Four Ps for CIOs to Think About

We started by talking about the recent environment and then went on to discuss the role of the CIO as a transformational leader. I capture some of the key elements of our discussion in these “Four Ps” that CIOs and IT leaders need to think about:

  • Pulse: They need to get a handle on significant changes to their employees (with many of them working from home and needing increasing levels of IT support), and customers (who are changing their demands which are shifting project priorities). Rather than waiting for problems to occur, they need to find ways to proactively gather and respond to feedback from many people.
  • Pivot: They need to make changes faster than normal, since quarterly decision cycles don’t support this type of fast-changing environment. This requires examining and sharing insights much more frequently than they’ve been doing in the past.
  • Personalize: The need to use the data they have to provide more personalized experiences to different segments of their stakeholders. This requires a better handle on what people are thinking and feeling, which we refer to as experience data (X-data).
  • Protect: They need to get control of the growing use of XM-related tools that people are using across their organization to collect X-data. This distributed data collection increases risk, as the data can include PII which may not be GDPR compliant. It also decreases the usefulness of the data since groups aren’t able to share, and increases costs as each group pays separate licenses and builds un-leverageable skills.

 

Three Capabilities Enabled by XM

I discussed a bit about the capabilities of XM, and why it’s an even more important capability during periods of rapid change. That’s because XM is all about sensing and responding to signals about what people are thinking and feeling, the X-data. As organizations build more mature XM programs, they are better able to:

  • Continuously Learn. XM helps organizations more effectively sense and interpret what’s going on all around them, collecting and analyzing signals from the actions and feedback of employees, partners, vendors, customers, and even competitors.
  • Propagate Insights.
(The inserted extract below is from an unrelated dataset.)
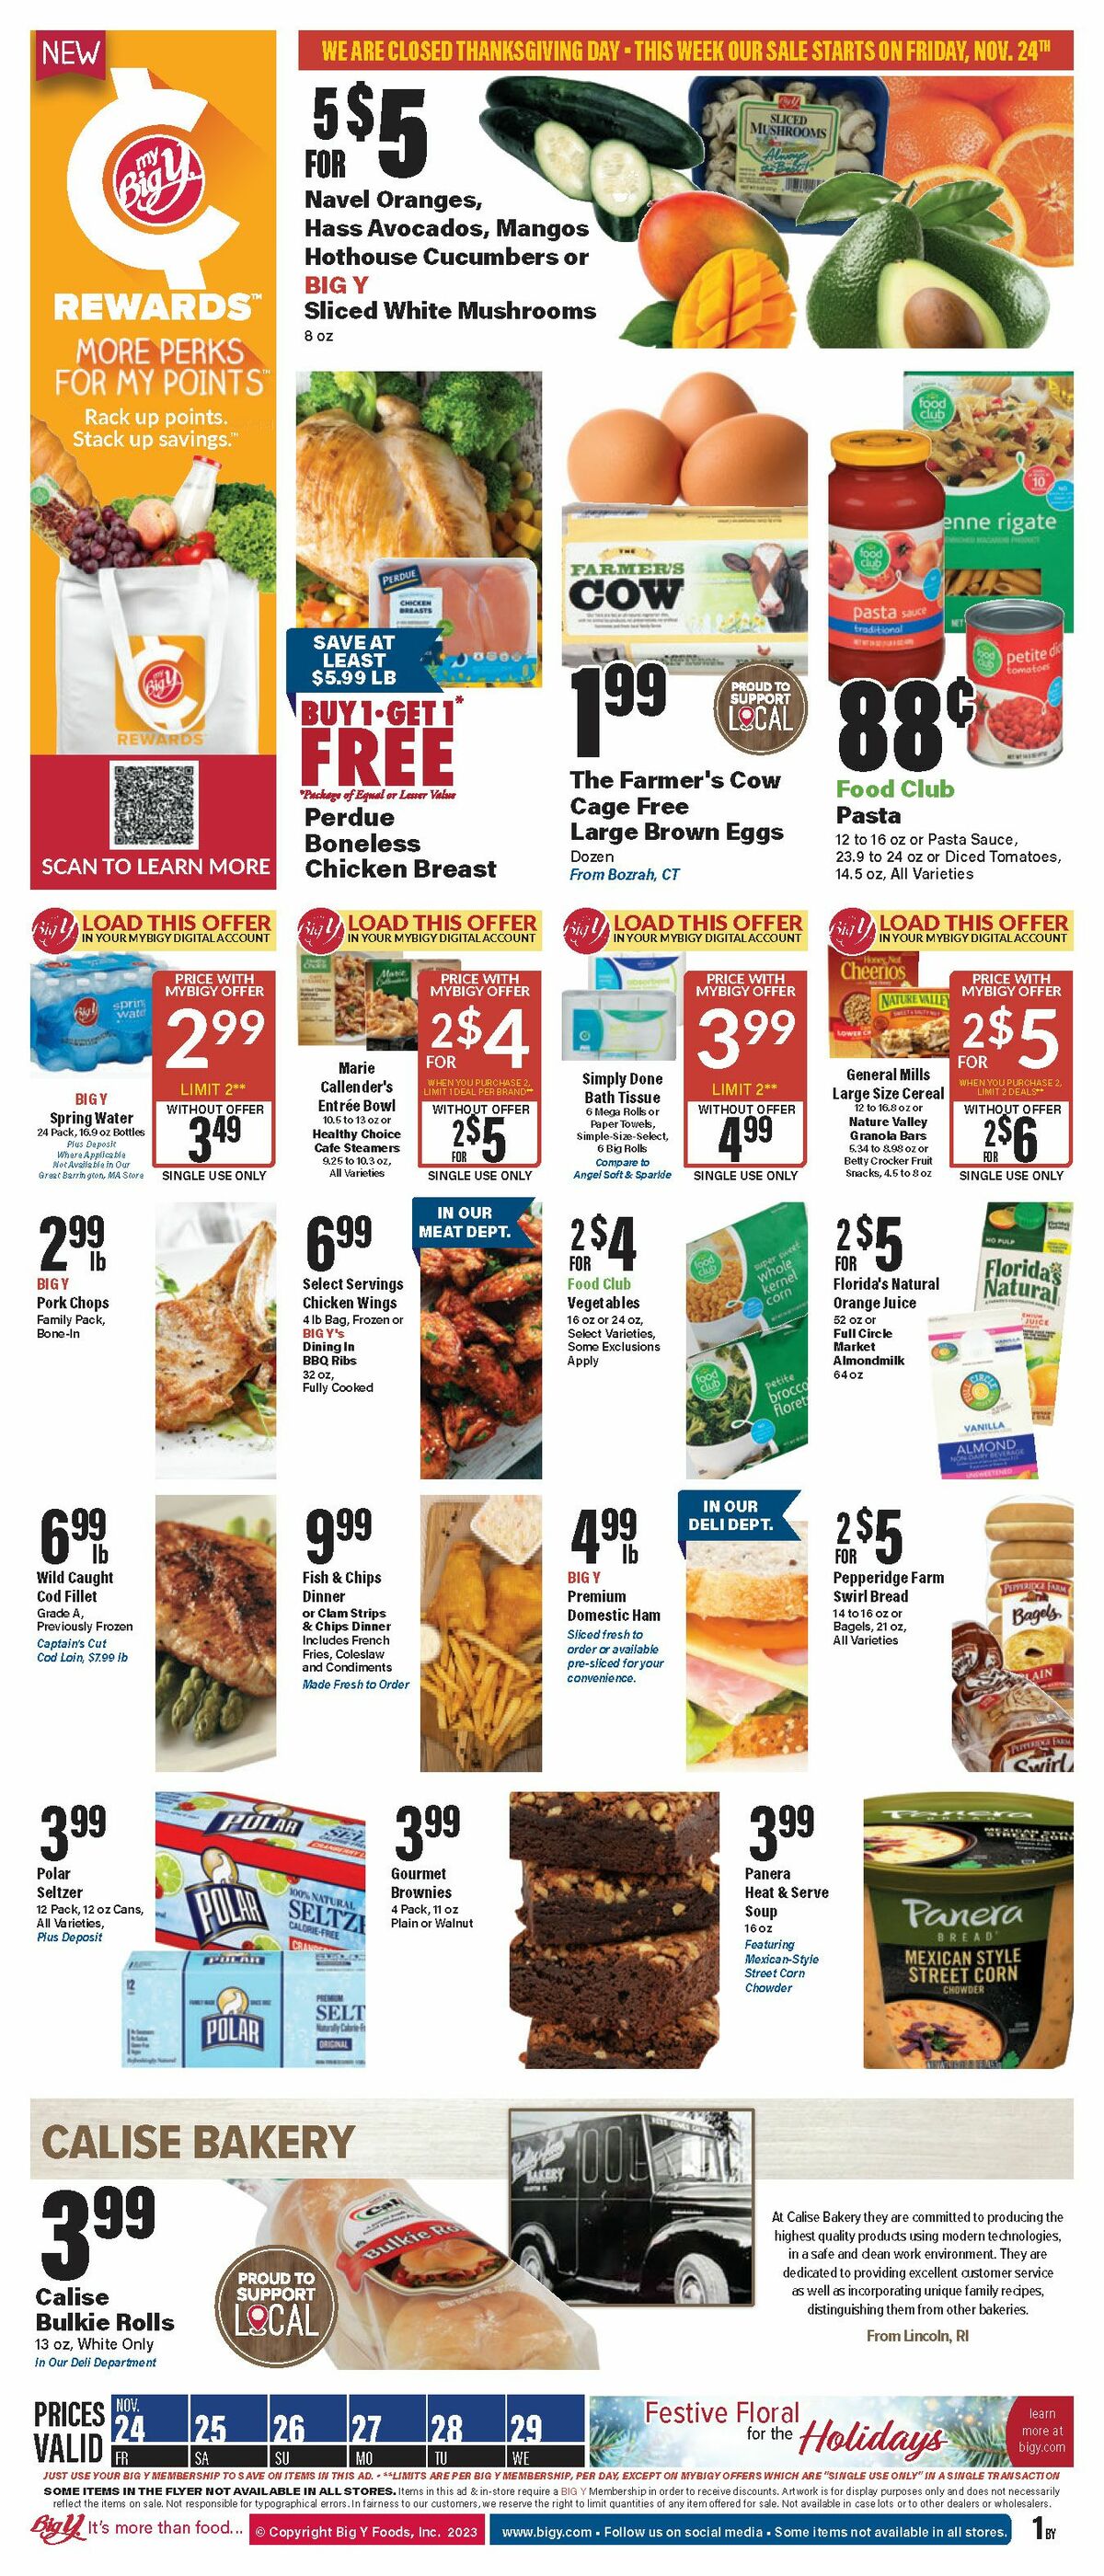 Big Y Weekly Ads & Flyers from November 23

XM helps organizations put actionable intelligence in the hands of people across their ecosystem who can use it, creating seamless access to the right information in the right form at the right time.
  • Rapidly Adapt. XM helps organizations act on the insights they’ve uncovered at an increasingly faster pace, finding ways to create new experiences and renovate existing ones.

 

Three Potential XM Roles for CIOs

What would a CIO do if they walked into a company and all of the core financial or HR data existed in individual spreadsheets across the organization? They’d immediately start plans for an enterprise application to manage the data and to establish common processes and controls. Well, that’s the current environment with X-data; it’s everywhere, growing, and uncontrolled. Given this environment, we discussed three types of roles that a CIO could take on when it comes to XM:

  • Ignorer: They can choose to stay on the sidelines with XM. As a result, they run the risk of a proliferation of XM technologies, under-protected PII, and growing inefficiencies across the organization.
  • Platformer: They can see their role as providing an XM platform to consolidate the technology overhead and build more scalable capabilities across their organization. As an initial step, they can inventory all of the technology and X-data being used across the organization. The most successful platformers will establish an enterprise-wide XM platform that holds the single source of truth for all of the company’s X-data.
  • Transformer: They can recognize that the capabilities of XM will alter how organizations compete, and decide to lead the infusion of XM across their organization. As a start, they can use XM within their IT organization to engage their employees and better serve their internal customers. The more forward-thinking transformers will take a leading role in pushing the entire organization to adopt XM.

 

The bottom line: CIOs need to play a key role in XM (and watch the video)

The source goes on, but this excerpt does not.